Secondly, it will be argued that the majority party controlled each stage of the proceedings against the Applicant. It was the complainant, it proposed the Committee to investigate the proceedings, it dominated the Committee when it carried out its work and it dominated Parliament when the final decision on the Applicants guilt and sentence were made. (It will also be pointed out that this matter could quite easily and efficiently have been dealt with, without breaching the requirements of natural justice, by referring the incident involving the Applicant to the Attorney General and requesting that the Attorney General prosecute the Applicant before a Court of competent jurisdiction.)
Thirdly, the members of Zanu (PF) who convicted and sentenced the Applicant had a direct and substantial interest in the decision they made. By preventing the Applicant from taking his seat in Parliament, they created a vacancy in his constituency which required a by-election. Furthermore, the alleged misconduct of two other Members of Parliament, Mr Chinamasa and Mr Mutasa was not investigated, no action was taken against these individuals and they were allowed to remain in Parliament and vote to convict and sentence the Applicant. This amounts to discrimination based on his being a member of the minority political party and on the grounds of race - the Applicant is white, the other two members involved are black. This infringes against Section 23 of the Constitution.
(C) The sentence imposed by the Committee and Parliament constitutes, in the circumstances of the matter, inhuman and degrading punishment and therefore violates Section 15(1) of the Constitution.

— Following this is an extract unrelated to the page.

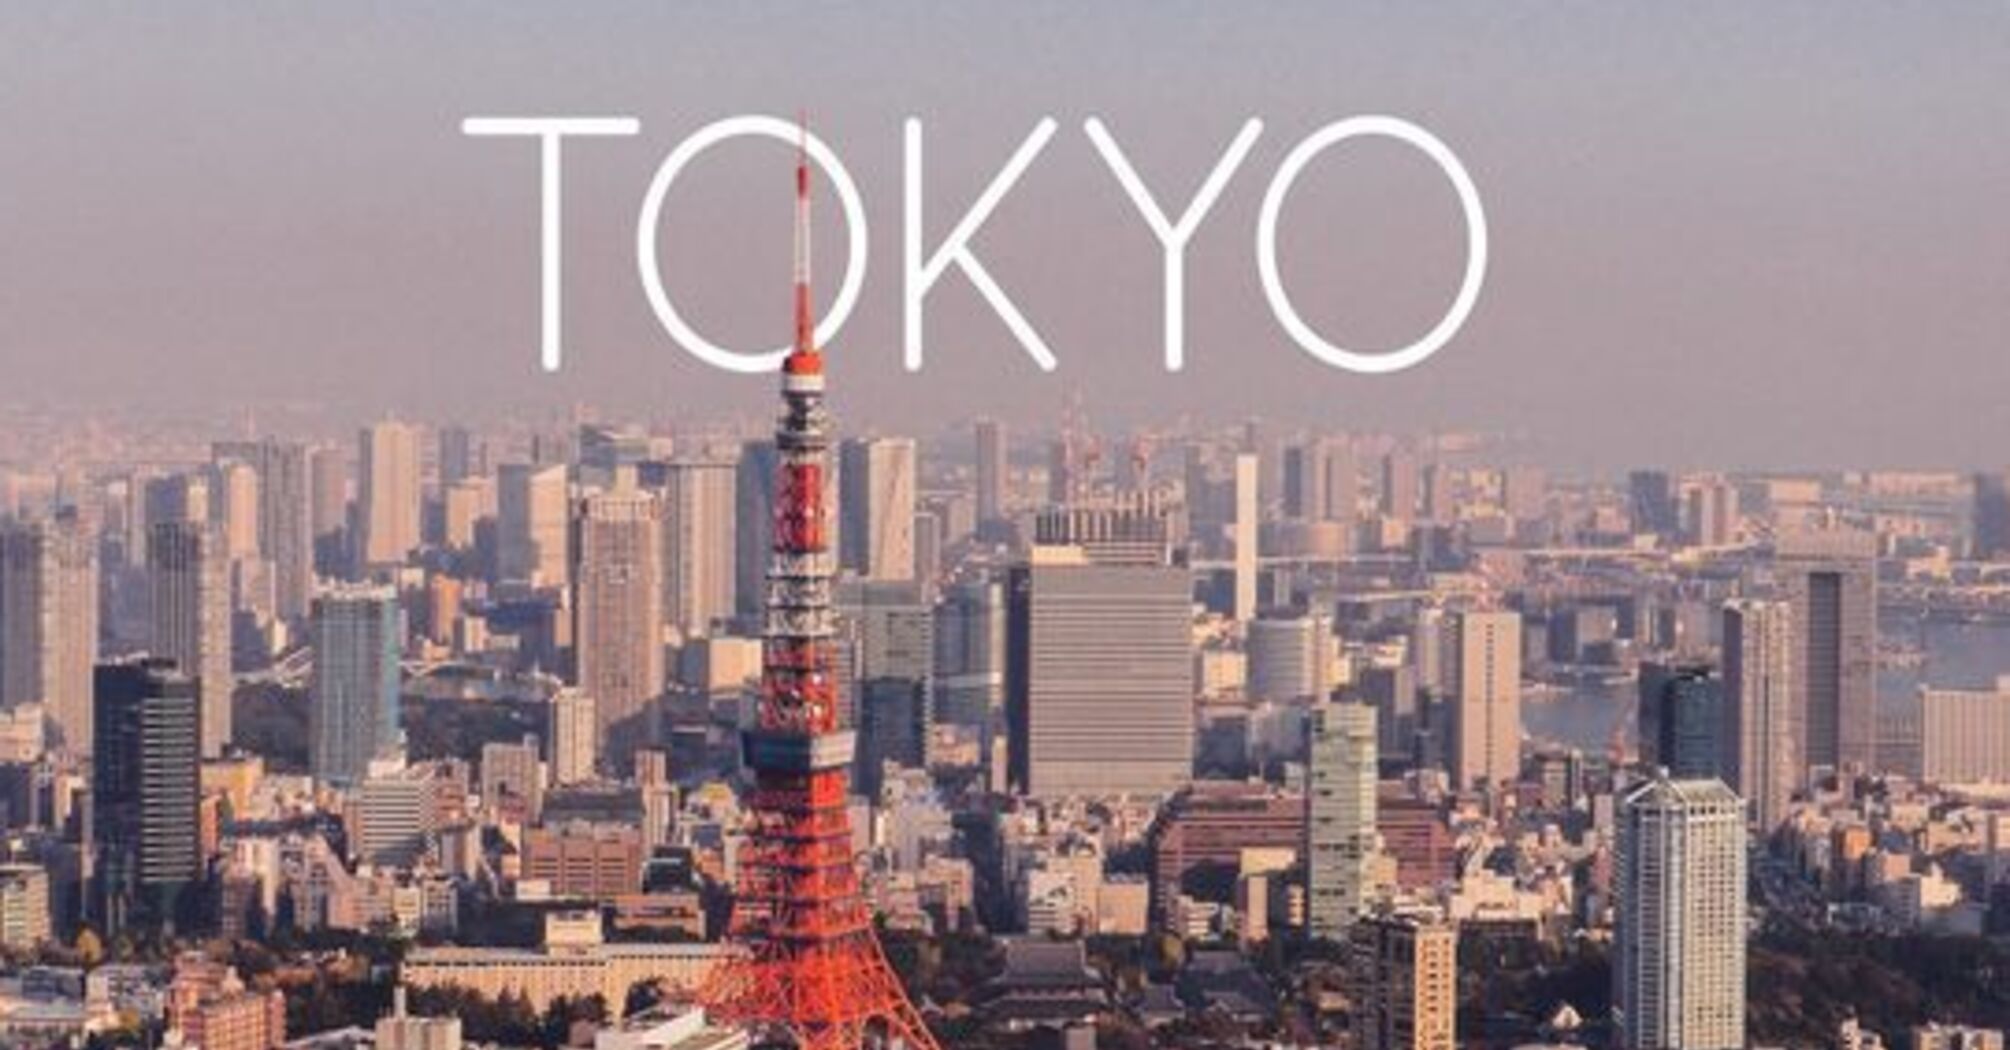 Ignoring rules and stereotypes about Asians: 14 mistakes tourists make in Tokyo

The third submission will be that the sentence imposed by the Committee in Parliament constitutes inhuman and degrading punishment. Applicant’s Counsel will submit that the sentence imposed is grossly disproportionate in at least 4 respects:
· The Applicant was convicted of, essentially, common assault. A prison term of 15 months with labour is grossly excessive for such a crime. The severity of the sentence strongly suggests that it was retributive, indeed vindictive in nature.
· The sentence takes no account whatsoever of the fact that the Applicant acted in the heat of the moment and in response to severe provocation.
· The sentence given to the Applicant exceeds the maximum allowable sentence.
· The imprisonment of the Applicant did not only result in his loss of freedom, but also resulted in the members of his constituency losing their lawfully and democratically elected representative in Parliament.
This is an infringement of Section 15 of the Constitution of Zimbabwe which provides that “no person shall be subjected to torture or to inhuman or degrading punishment or other such treatment”.
Part 2 of Applicant’s submission will address the Applicant’s constitutional challenge to the Privileges, Immunities and Powers of Parliament Act itself. It will be argued that Section 16 of the Privileges, Immunities and Powers of Parliament Act violates the constitutional principle of separation of powers between legislature and judiciary and is accordingly invalid.
4. Relief sought
The relief sought is the following:
(a) That the proceedings of the first to sixth respondents (Emmerson Dambudzo Mnangagwa, Paul Mangwana, Joyce Mujuru, Chief Mangwende, Welshman Ncube and Tendai Biti) are inconsistent with the Constitution of Zimbabwe and therefore invalid.
(b) Declaring Section 16 of the Privileges, Immunities and Powers of Parliament Act Chapter 2:08 to be inconsistent with the Constitution of Zimbabwe and invalid.
(c) Directing that the first, second, third and fourth respondents (Mnangagwa, Mangwana, Mujuru, Mangwende) pay the Applicant’s cost of suit.
(d) Should the relief sought by Applicant’s Counsel be granted, this will necessitate Bennett being released (assuming the Government of Zimbabwe abides the decision of its own Supreme Court).